In our case, the piloleiomyoma appeared as a grouped, protruding pattern with symptoms of acute pain accompanied by pruritus. It is thought that the painful sensation is normally recognized as an itching sensation with the existence of central sensitization [10]. Because of this itching sensation, the lesion can be misdiagnosed as a keloid.

Surgical excision and skin grafting are the gold standard for treating cutaneous leiomyoma 4, because cutaneous leiomyomas grow gradually and new lesions emerge. The goal of the surgical procedure is to remove the lesion and resect the entire margin, because the rate of recurrence is high from the first 6 weeks through 15 years after resection [11].

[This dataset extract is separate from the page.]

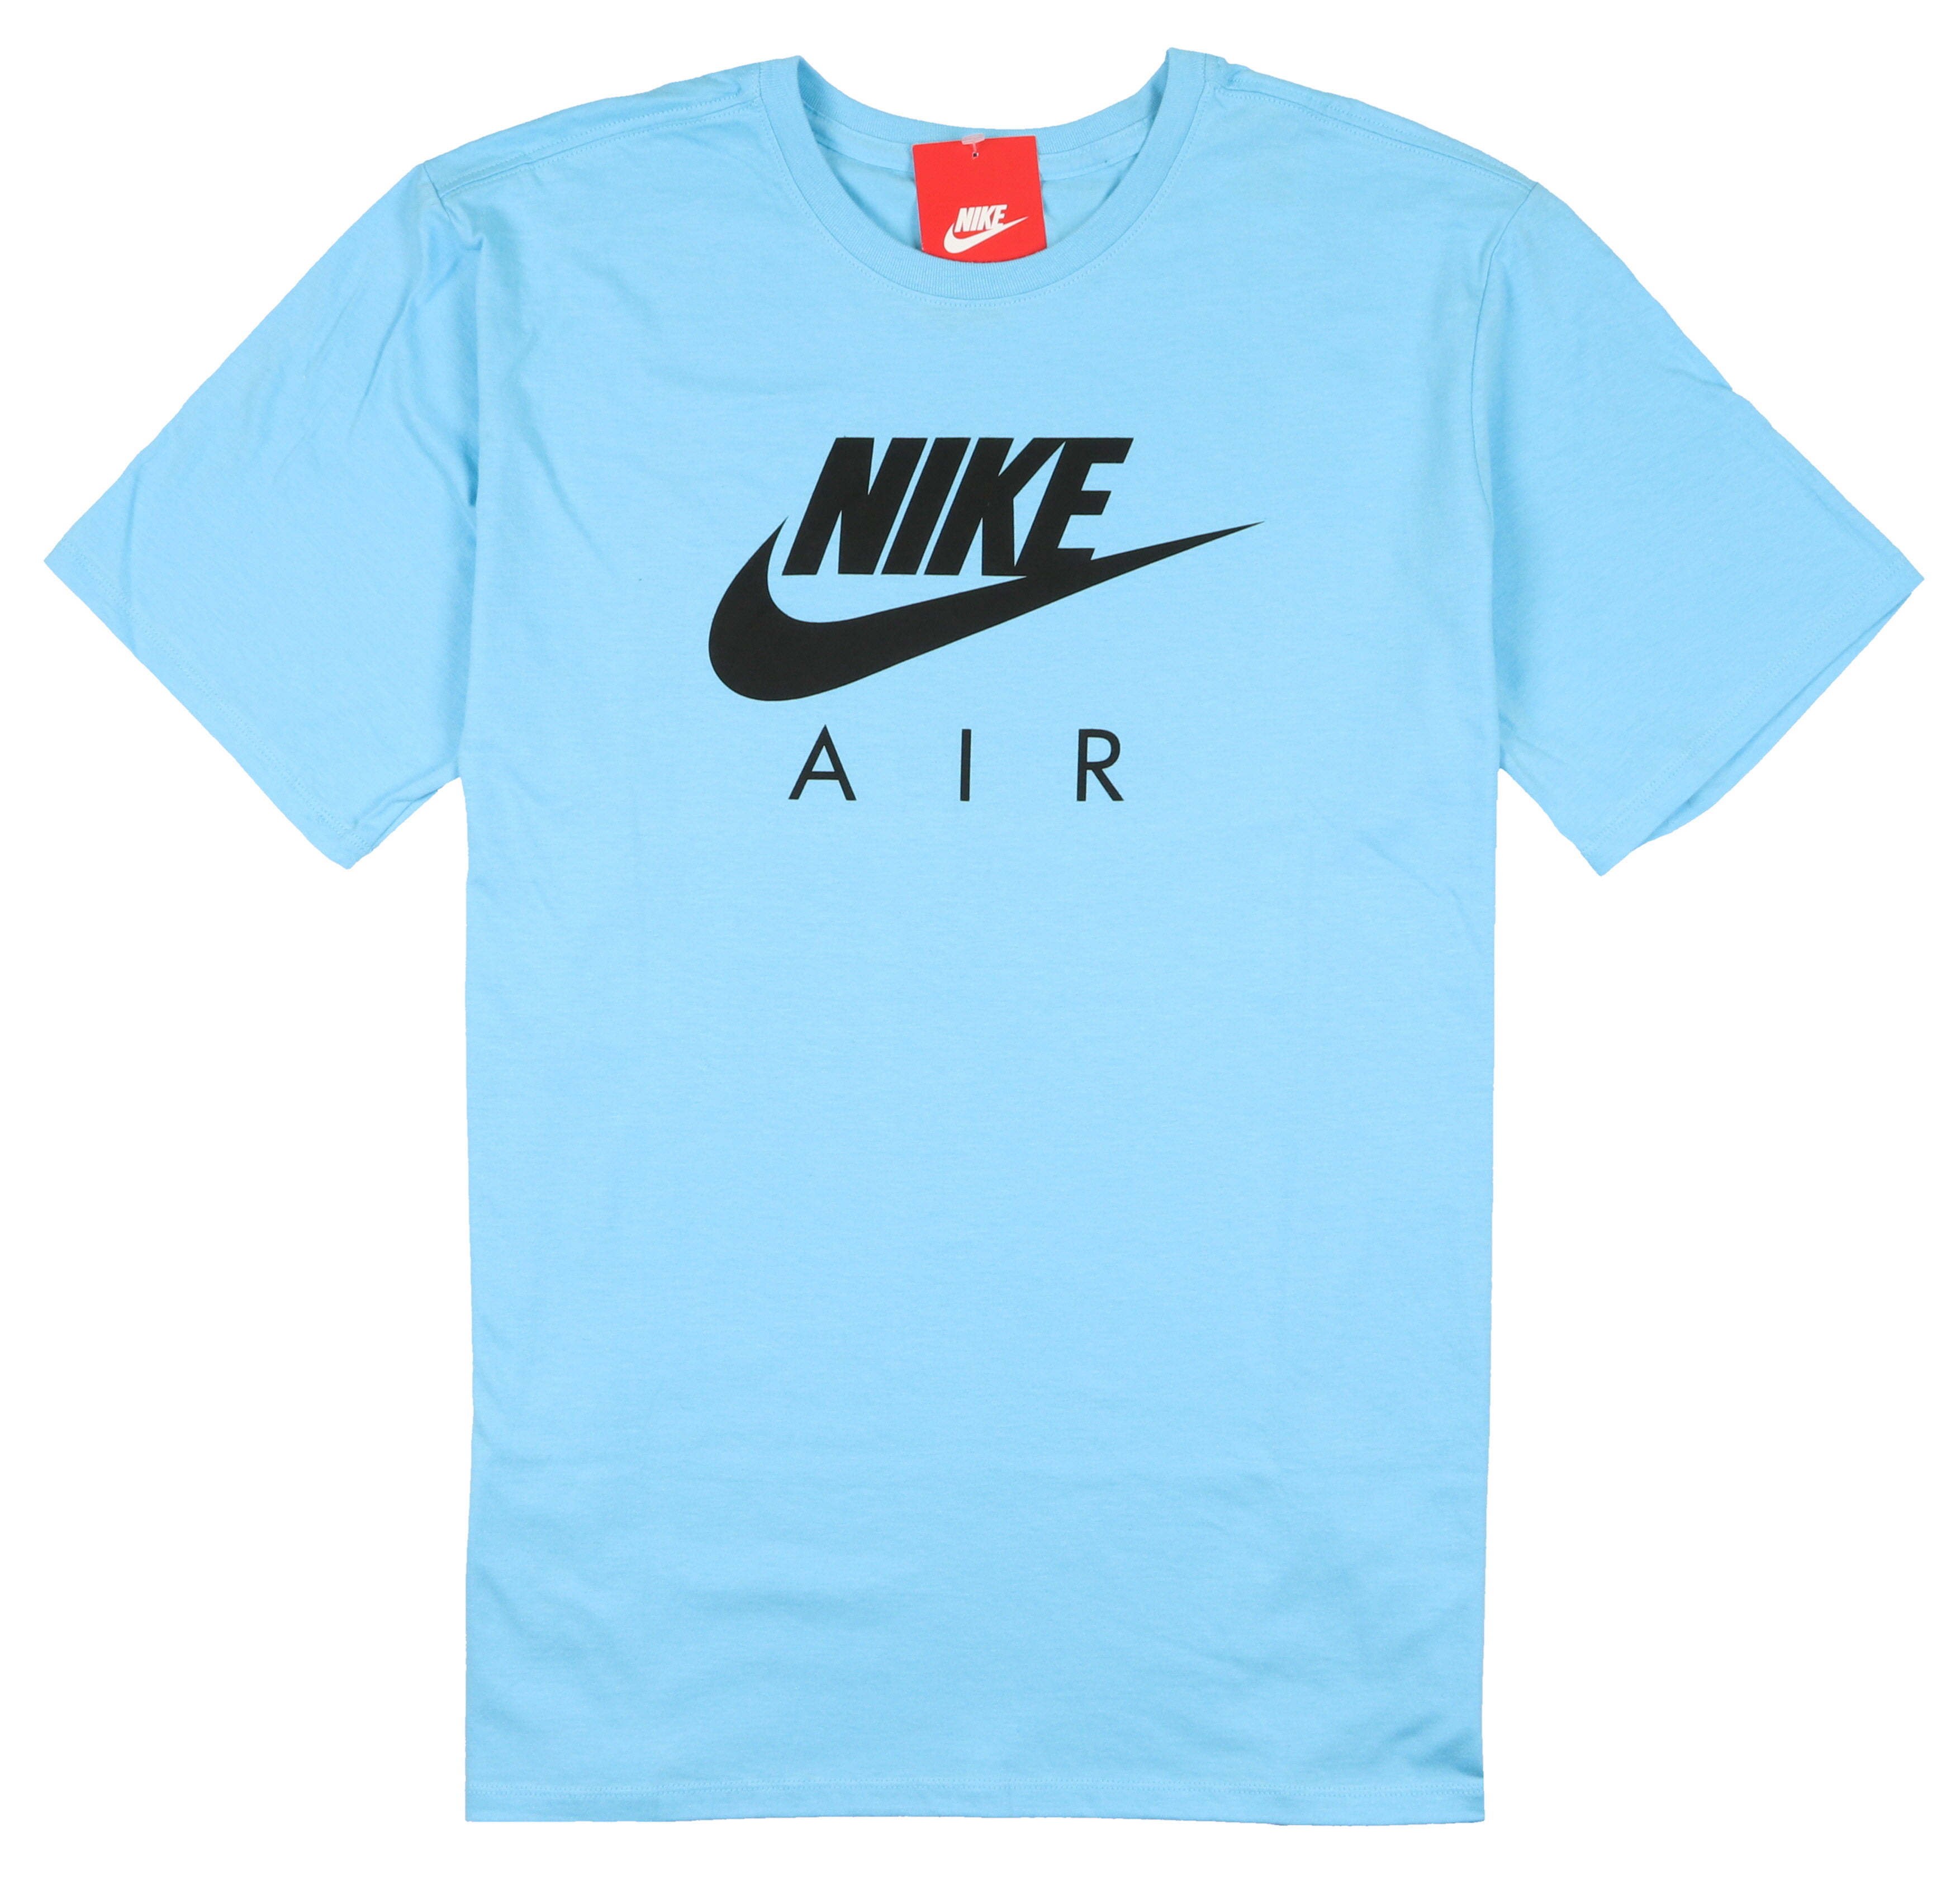 Buy > black nike air max shirt > in stock

Some drugs, for example, nitroglycerin, nifedipine, phenoxybenzamine, and doxazosin, which are effective for inducing smooth muscle contraction, can help reduce pain. Calcium channel blockers, botulinum toxin type A, and antidepressants have recently been used for treatment as well [12,13]. We did not use such drugs before the surgery because we could only diagnose the lesions after the biopsy. Some studies have shown that traimacinolone acetonide injections decrease the pain and size of the lesions [13]. However, in our case, the steroid injections that were administered after the patient was misdiagnosed with keloids were not effective, and he continued to experience symptoms.

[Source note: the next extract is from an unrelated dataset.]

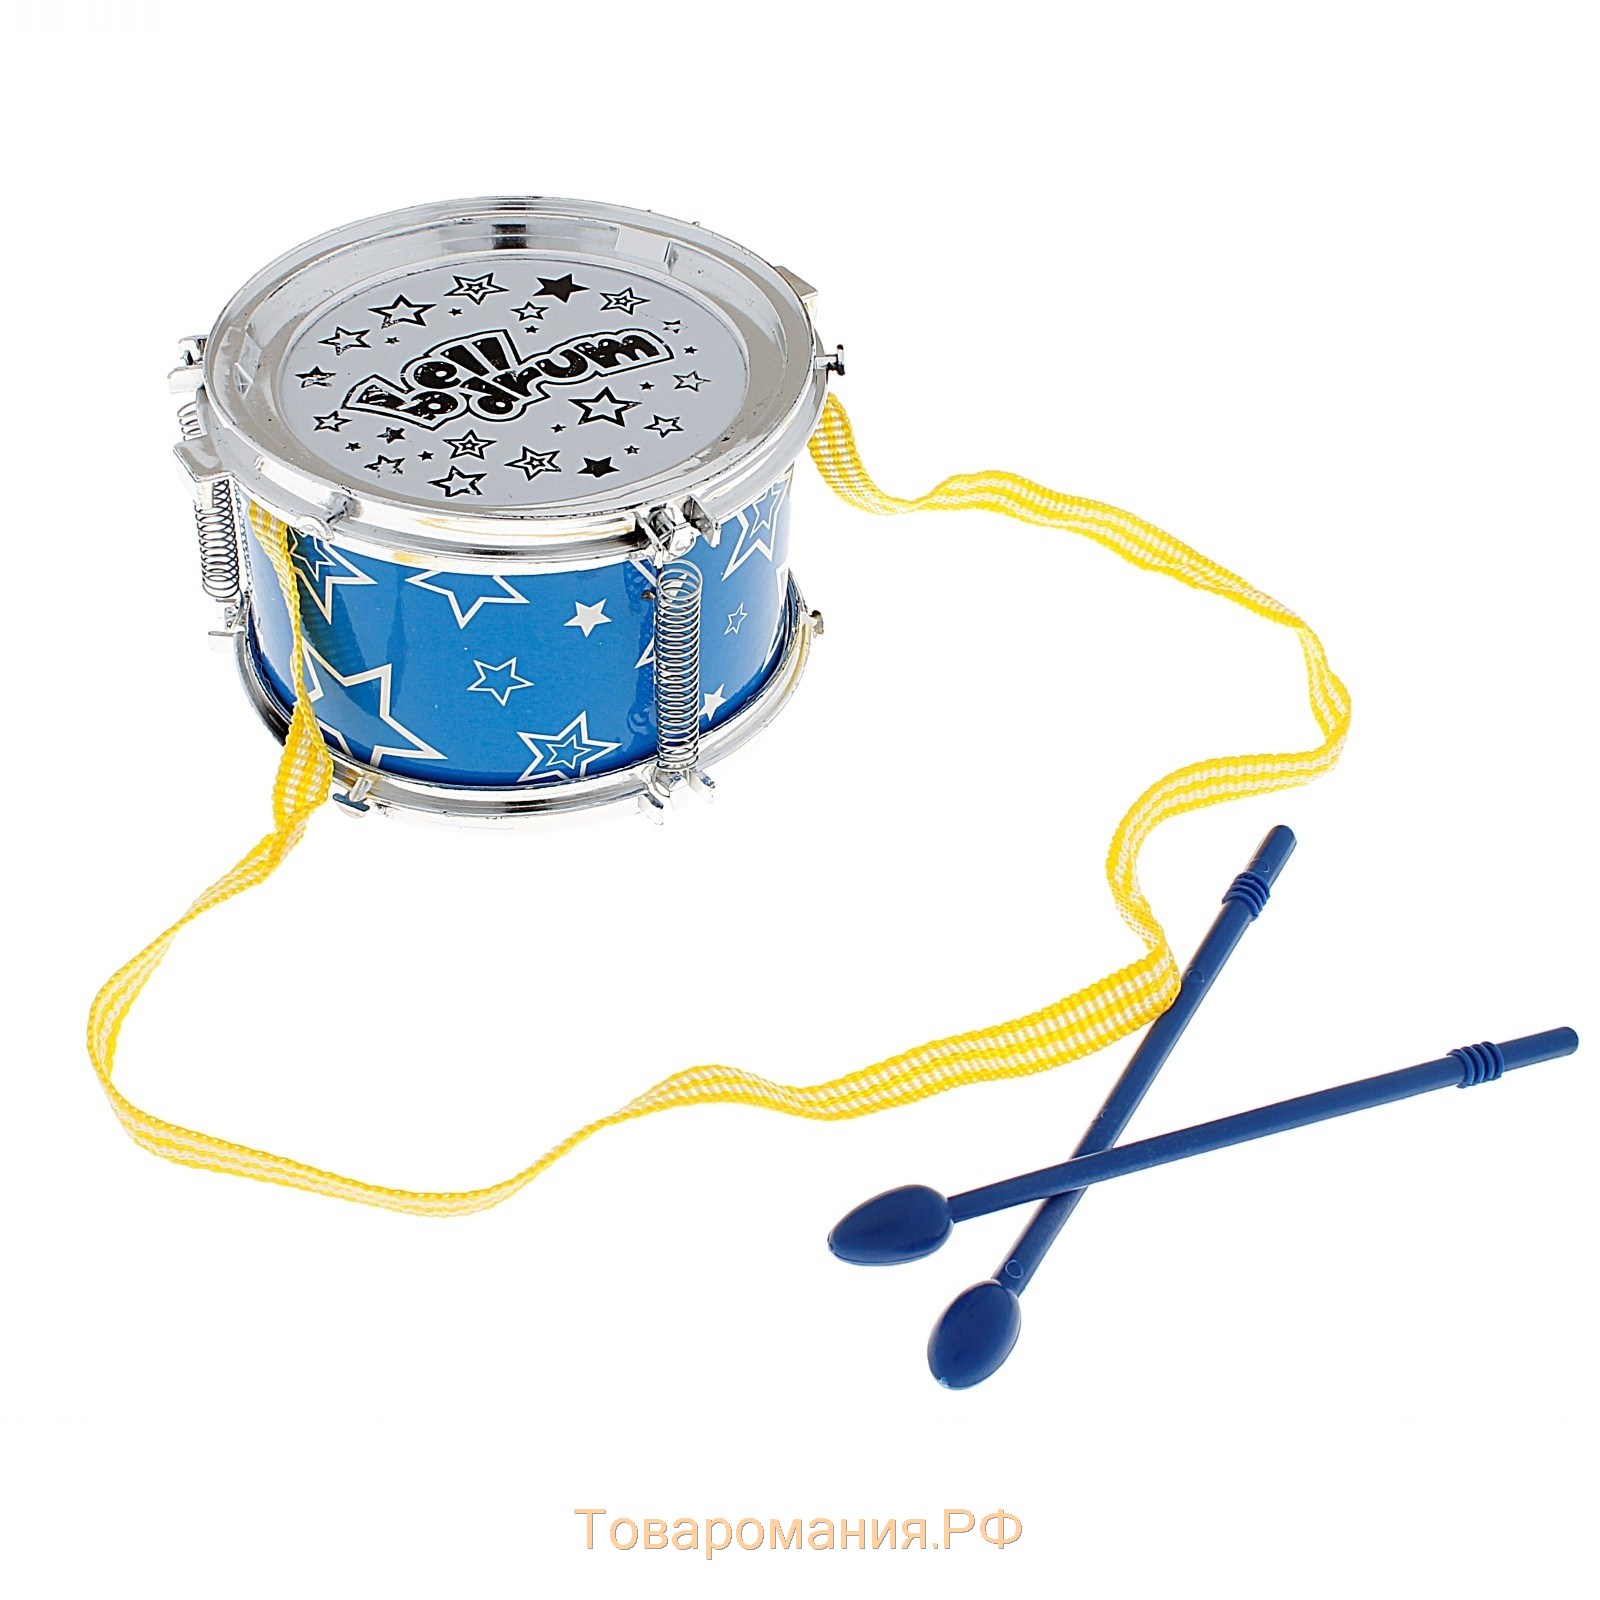 Игрушка барабан «Весёлые минутки», d=11 см, для детей, цвета МИКС

As seen by histological examination, leiomyoma has no cytological atypia or pleomorphism in the dermal lesions under high-power microscopy. Smooth muscle cells have abundant eosinophilic cytoplasm, blunt-ended and elongated nuclei, and a perinuclear vacuole [8]. They also have low mitotic activity in comparison to leiomyosarcoma [7]. A diagnosis of leiomyoma can be confirmed through immunohistochemical staining to identify smooth muscle actin, consequently, for an accurate diagnosis, a biopsy of the lesion is required.

Therefore, if a patient complains of pain or another hyperesthetic sensitization and has patterned skin lesions that are gradually growing, especially if the patient has severe pain associated with that lesion, a diagnosis of cutaneous leiomyoma can be suspected.